On Mon, May 06, 2024 at 02:06:28AM +0000, Gonglei (Arei) wrote:
Hi, Peter
Hey, Lei,
Happy to see you around again after years.
RDMA features high bandwidth, low latency (in non-blocking lossless
network), and direct remote memory access by bypassing the CPU (As you
know, CPU resources are expensive for cloud vendors, which is one of the
reasons why we introduced offload cards.), which TCP does not have.
It's another cost to use offload cards, v.s. preparing more cpu resources?

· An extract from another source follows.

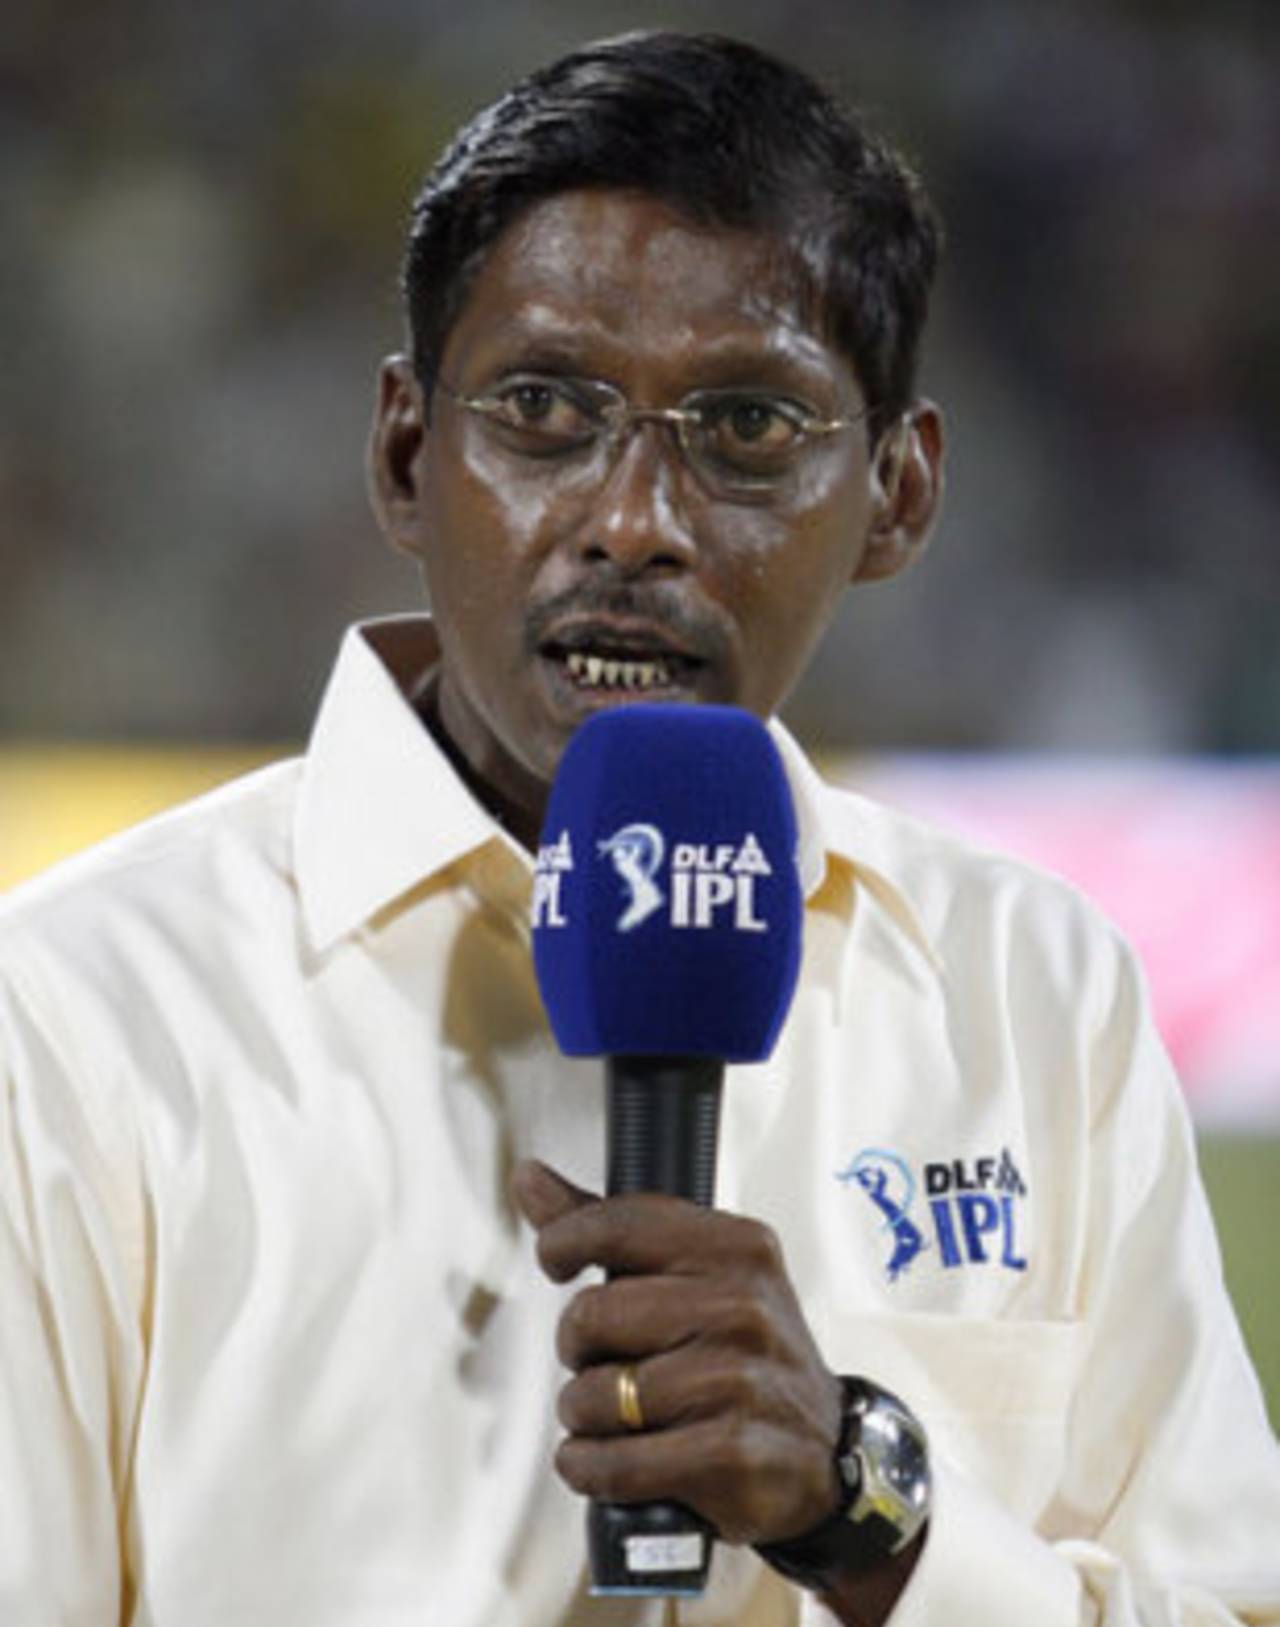 File photo: L Sivaramakrishnan replaced Tim May as a players' representative on the ICC cricket committee and will serve on the committee for a period of three years&nbsp;&nbsp;&bull;&nbsp;&nbsp;BCCI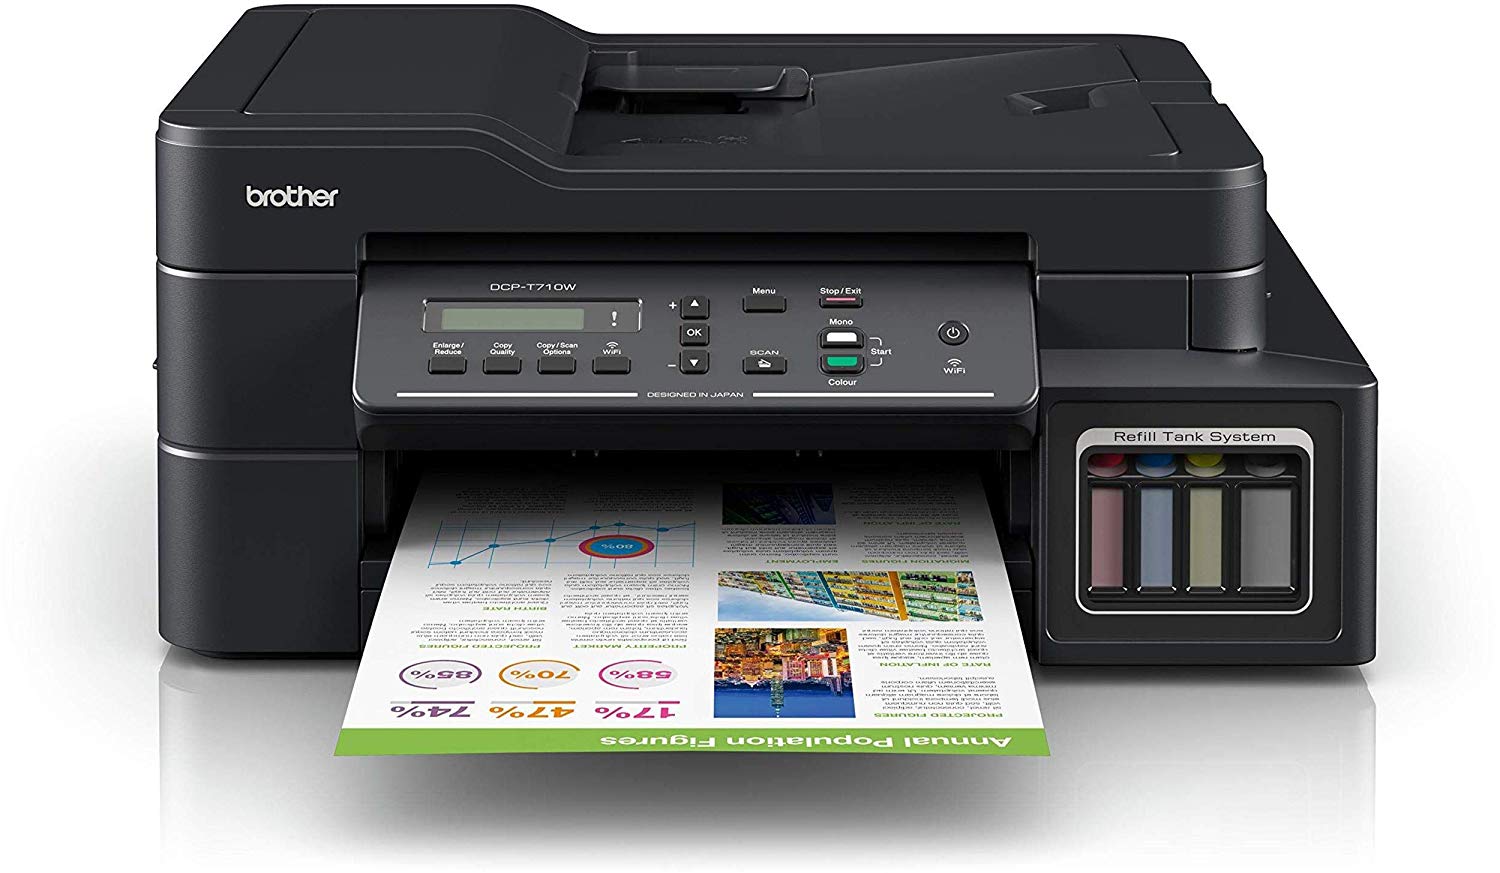 Brother Ink Tank Multi-Function Printer DCP-T710W Print, Copy, Scan ,Wi-fi Direct & 20 Sheets ADF with Display

In some scenarios where fast live migration is needed (extremely
short
interruption duration and migration duration) is very useful. To this
end, we have also developed RDMA support for multifd.
Will any of you upstream that work? I'm curious how intrusive would it be
when adding it to multifd, if it can keep only 5 exported functions like
what rdma.h does right now it'll be pretty nice. We also want to make sure
it works with arbitrary sized loads and buffers, e.g. vfio is considering
to add IO loads to multifd channels too.
One thing to note that the question here is not about a pure performance
comparison between rdma and nics only. It's about help us make a decision
on whether to drop rdma, iow, even if rdma performs well, the community
still has the right to drop it if nobody can actively work and maintain it.
It's just that if nics can perform as good it's more a reason to drop,
unless companies can help to provide good support and work together.
Thanks,
--
Peter Xu